Dubai roaches are great for hedgehogs and I know there are a few people on here that feed them.


----------



## Draenog (Feb 27, 2012)

I feed them, they're one of my fav feeder insects for the reasons you've mentioned. All my hedgehogs love them.


----------



## Lilysmommy (Jan 7, 2009)

I think they're just not commonly mentioned because they're not found in most big box pet stores.  I never tried them with Lily, but I'm a huge fan of them after learning about them when reading about bearded dragons and plan to possibly start a colony or at least find a good source for my next hedgehog!


----------



## ParkerandMe (Jul 17, 2015)

Ok, I think I'll use them for sure then, thank you all! :grin:


----------



## twobytwopets (Feb 2, 2014)

This got me thinking and did a quick google search on breeding them.

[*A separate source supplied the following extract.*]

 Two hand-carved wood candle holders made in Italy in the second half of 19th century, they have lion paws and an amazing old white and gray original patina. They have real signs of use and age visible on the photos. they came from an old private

I've seen ads online for Dubia roaches but skipped over, the people raising them are a couple hours away, too far for bugs alone. But I found this....

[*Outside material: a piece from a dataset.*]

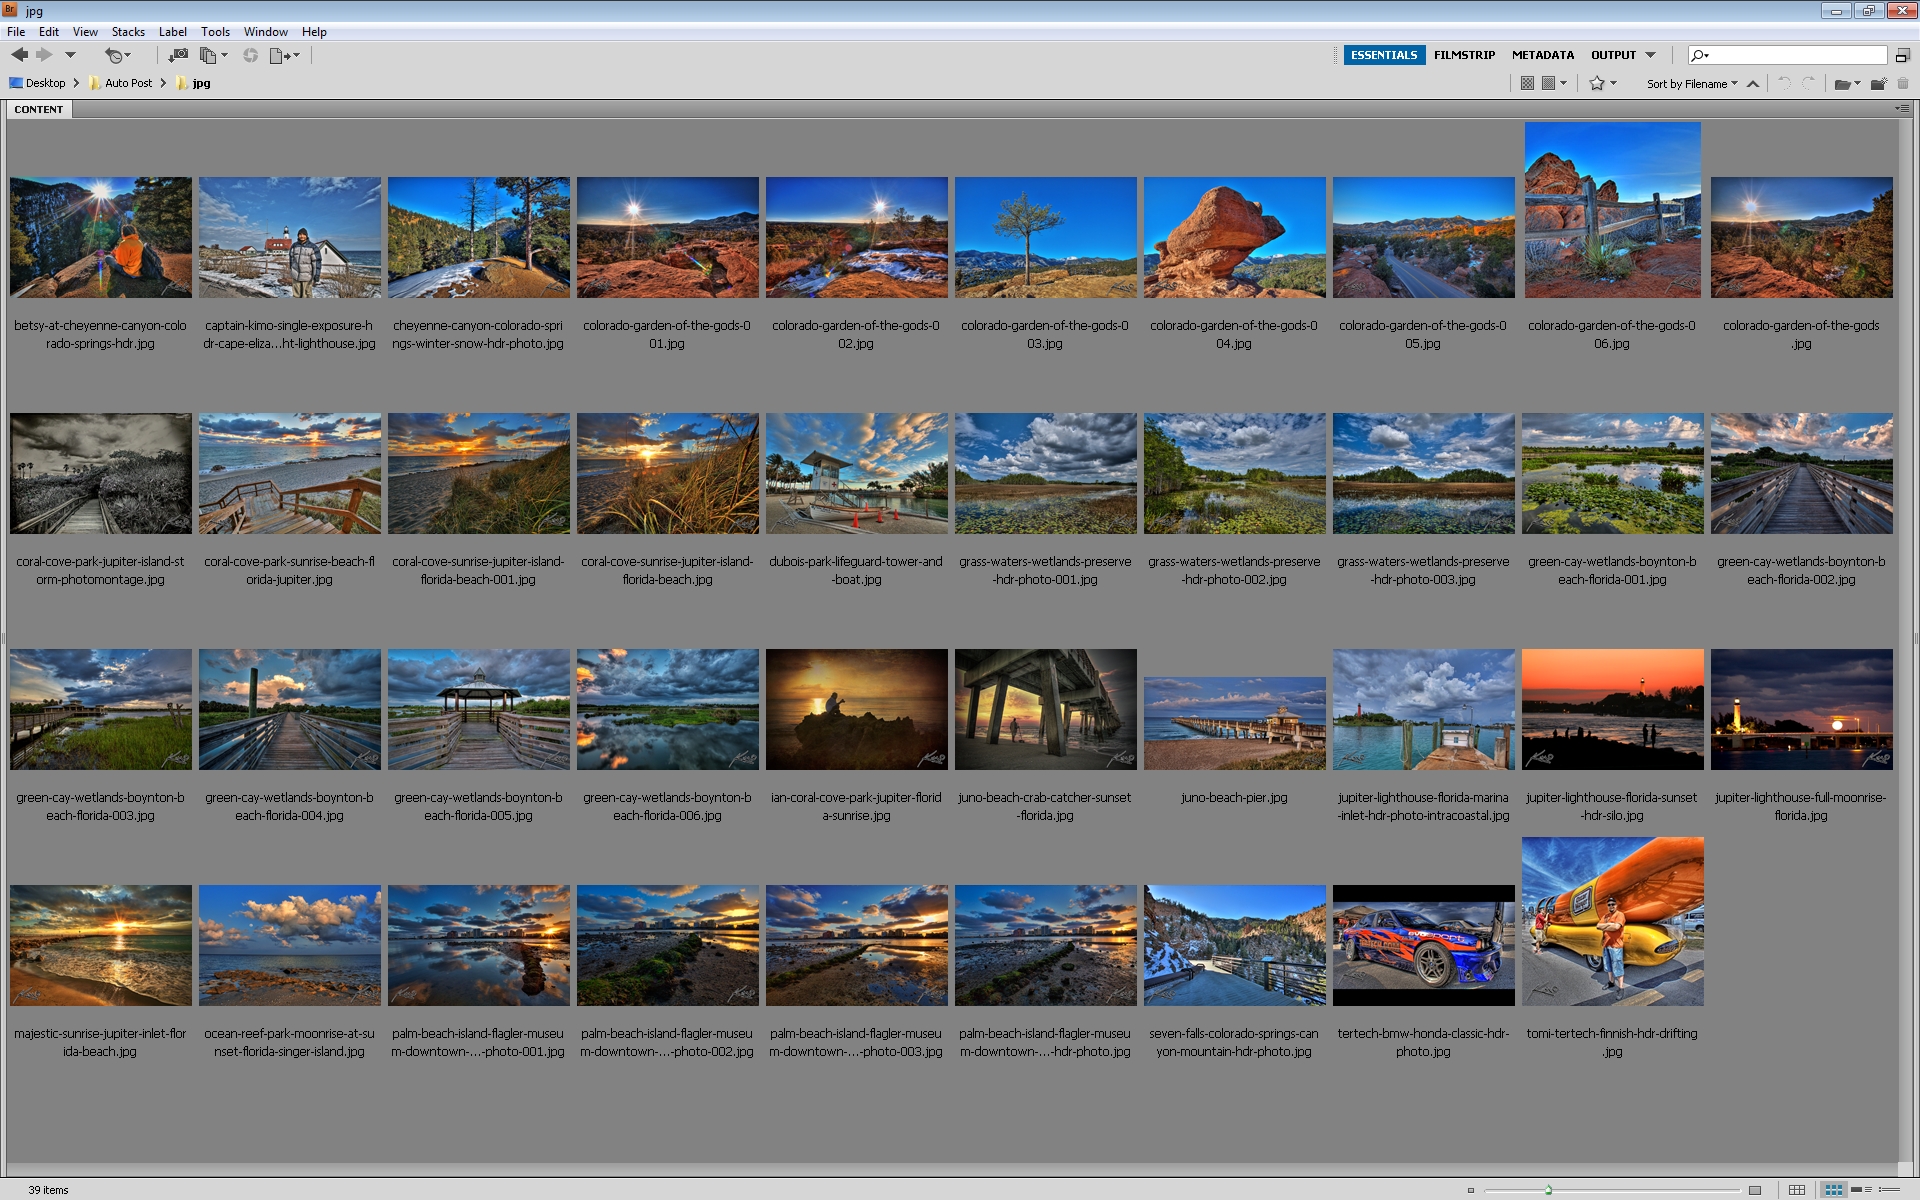 Working on 100 HDR posts before I leave.

http://www.nyworms.com/dubiacare.htm

**adding, do we have any Dubia farmers on here?


----------



## Rafaelninja13 (Oct 30, 2021)

Draenog said:


> I feed them, they're one of my fav feeder insects for the reasons you've mentioned. All my hedgehogs love them.


I know this is a really old post. But what size of dubias do you feed your hedgehogs? I want to feed mine 1 every day along with 1 BSFL, but don't know what size would be best.


----------